I was lucky enough to meet Grady and help with the transport.  Also helping were: Hali's Mom, Sosoprano, LibertyME, and Oaklys Dad,

Here's the thread:

http://www.goldenretrieverforum.com...8-adopted-nearly-blind-senior-needs-help.html


Well, FINALLY the video I created commemorating his transport was found. I thought I had lost the file forever.

Let me know what you think:

https://animoto.com/play/P905pSqOw2fjnESZWLiH4g


----------



## brianne (Feb 18, 2012)

Does anyone remember Grady?


----------



## CAROLINA MOM (May 12, 2009)

I remember Grady, wonderful boy and amazing story how the forum members helped transport him to his new mom. 

The video is fantastic, love it. Thanks for putting together and sharing. 

I know it's been quite a while since Grady was adopted, I looked at his blog, it hasn't been updated in sometime. 
I was wondering how he's doing, anyone know?

Blog-
https://thegradyreport.wordpress.com/a-year-with-grady/


----------



## Wendy427 (Apr 4, 2009)

What a wonderful story!


----------



## GoldenCamper (Dec 21, 2009)

Oh yes, I remember that handsome boy. I never did meet him but put together the Google map shown in your video. Not sure if the route was the one taken but seemed like the easiest quickest way.

So glad you found the video and shared it with us


----------



## Our3dogs (Apr 3, 2008)

I just re-read the entire post. It's a great story!


----------



## Jud (Aug 10, 2015)

I am going to read it now !


----------



## KathyL (Jul 6, 2011)

Brianne, I didn't realize you helped with the transport! I remember Grady and was just thinking of him last week. I get emails for his blog and haven't had one in awhile and was hoping he and Helen are OK. I'll have to look at your video.


I can't open the video, do I need to sign up or ??? (I got it -- great job!)


----------



## Jessie'sGirl (Aug 30, 2010)

I definitely remember Grady and his journey to New Brunswick. What a great video you've made!


----------



## Harleysmum (Aug 19, 2014)

Have just spent the last two days reading this. Wonderful, wonderful story. Great people to have brought all this to fruition.


----------



## brianne (Feb 18, 2012)

Thanks everyone! I'm no professional, but I am pleased with the way the video turned out.

I emailed Grady's mom, Betty to make sure everything was okay before I posted it. She wrote back promptly and said things are fine but hectic in her world so that's why she hasn't posted much to Grady's blog.

She said Grady is doing very well and continues to enjoy snagging an occasional un-attended lunch and playing with his best friend, the kitty They sleep together every night. 

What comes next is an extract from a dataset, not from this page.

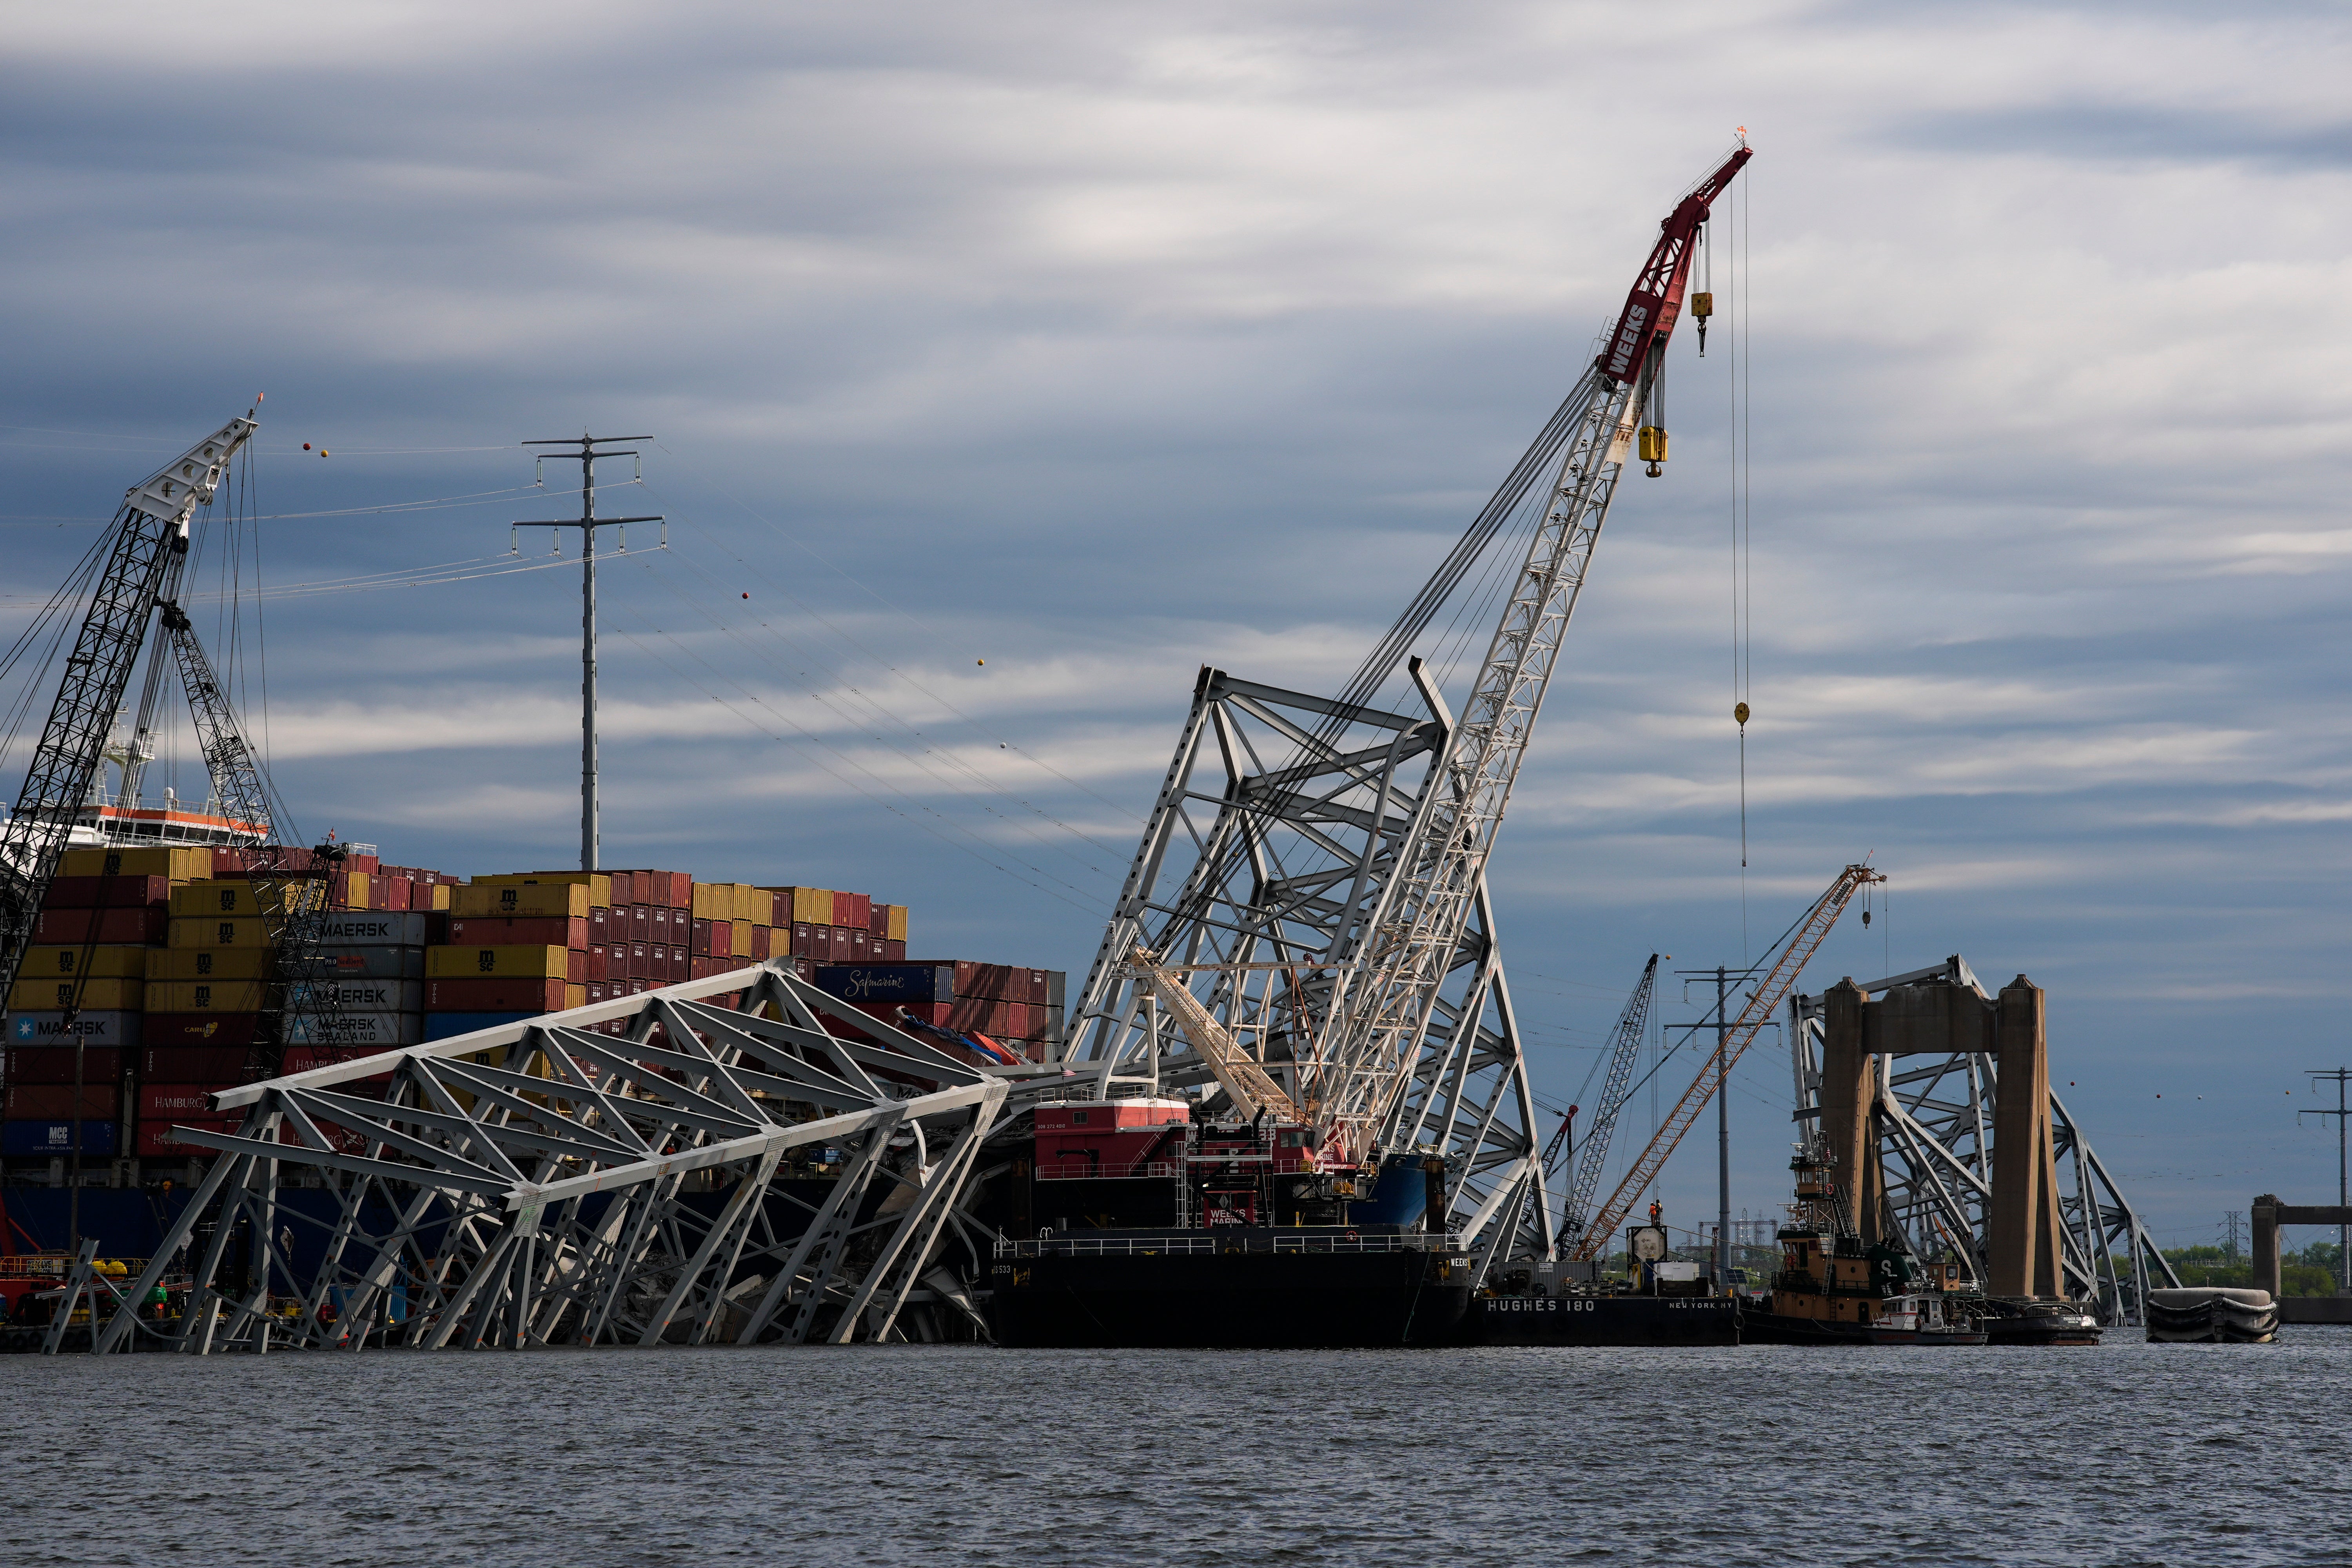 The collapsed Francis Scott Key Bridge lays on top of the container ship Dali

The only health concern is that he now has glaucoma and may end up losing one of his eyes if they can't get the condition under control. Yes, Grady is blind so his sight is already lost, but losing an eye would still be sad...

I only spent a couple of hours with Grady during the transport process, but he stole my heart. Such a dear, loving and trusting soul. A complete love-sponge. Absolutely everything a Golden Retriever is supposed to be...:heartbeat


----------



## CAROLINA MOM (May 12, 2009)

Thanks for the update about Grady. 

I'm sorry to hear he may lose his eye, it sounds like he is very happy and doing well otherwise. So sweet to hear how he and the kitty are so close and sleep together.


----------